Beginner14 min readDesign Principles & Heuristicslive prototype

Command–Query Separation (CQS)

Bertrand Meyer's rule: every method should be either a command that *does* something (changes state, returns nothing) or a query that *answers* something (returns a value, changes nothing) — never both. Asking a question shouldn't change the answer, so you can read state as often as you like without surprises.

The idea

What it is

Command–Query Separation (CQS) is a tiny rule with a big payoff. Coined by Bertrand Meyer, it says: every method should be one of two things and never both. A command does something — it changes the object's state and returns nothing. A query answers something — it returns a value and changes nothing. Keep them apart and your code becomes far easier to reason about.

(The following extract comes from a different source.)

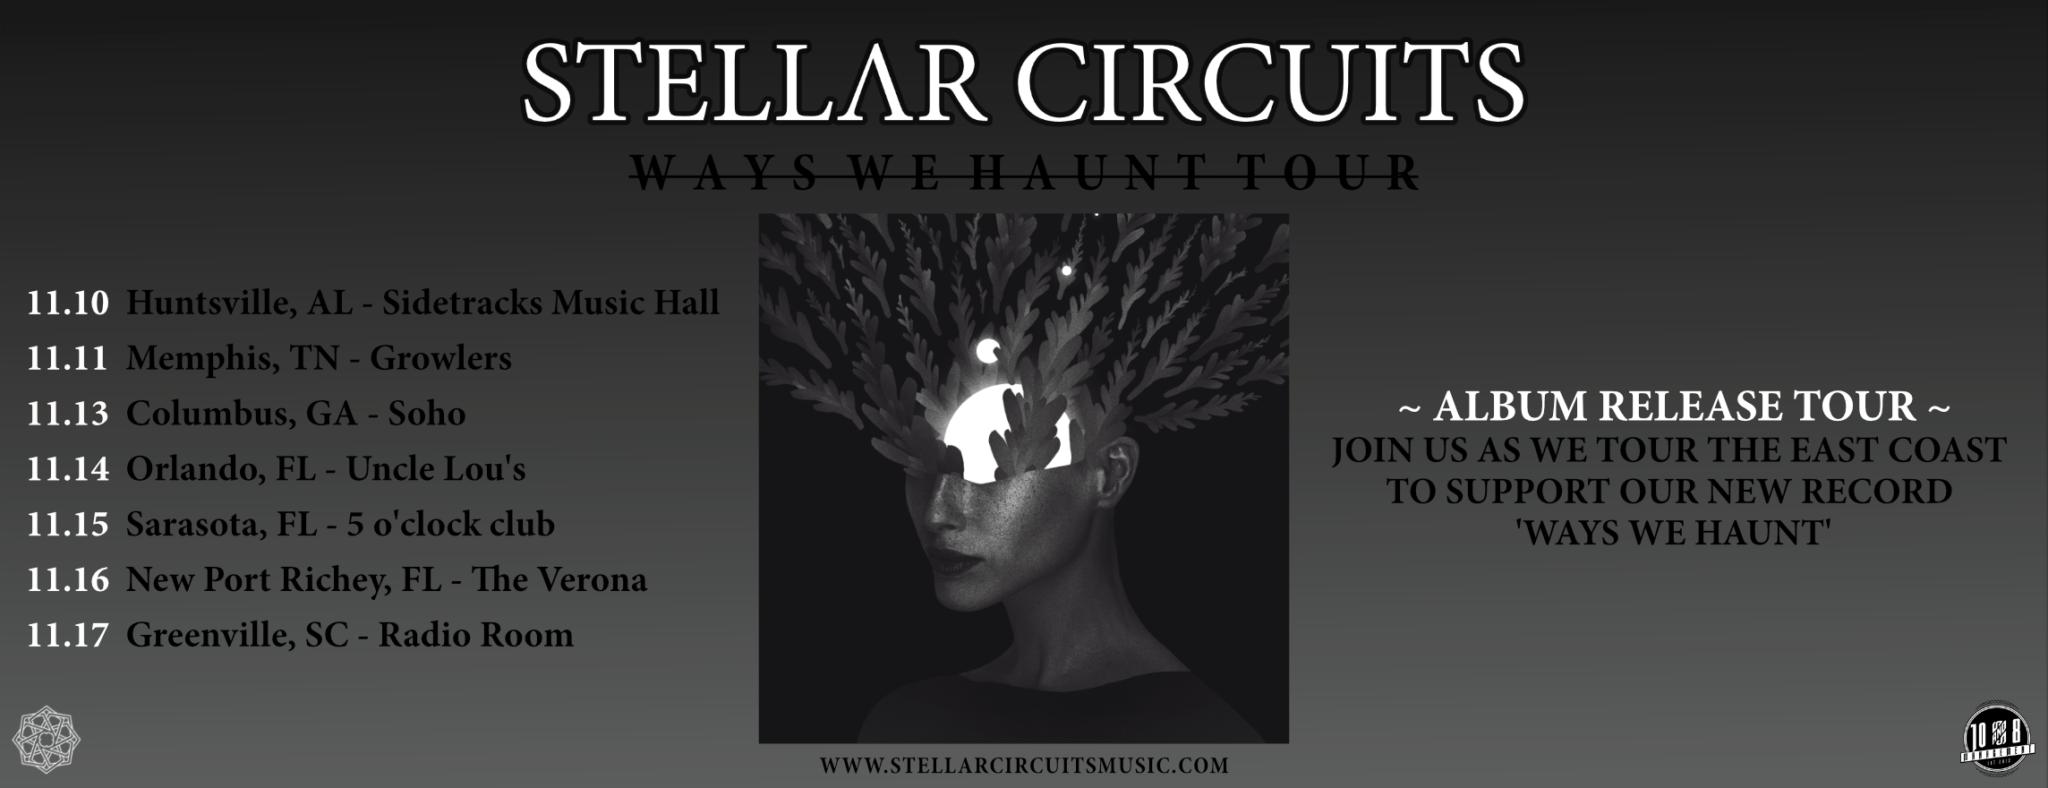 Stellar Circuits Reveal Stunning Music Video For

Think of a bar. You can ask the bartender a question — "how full is my glass?" — and you can give the bartender an order — "pour me a beer." Asking the question must not change anything; you can ask it ten times and the answer only changes when something else happens. Giving the order does change the world: now there's beer in your glass. A query is a question. A command is an order. CQS just says: don't build a method that secretly does both — a "question" that also pours a beer every time you ask it.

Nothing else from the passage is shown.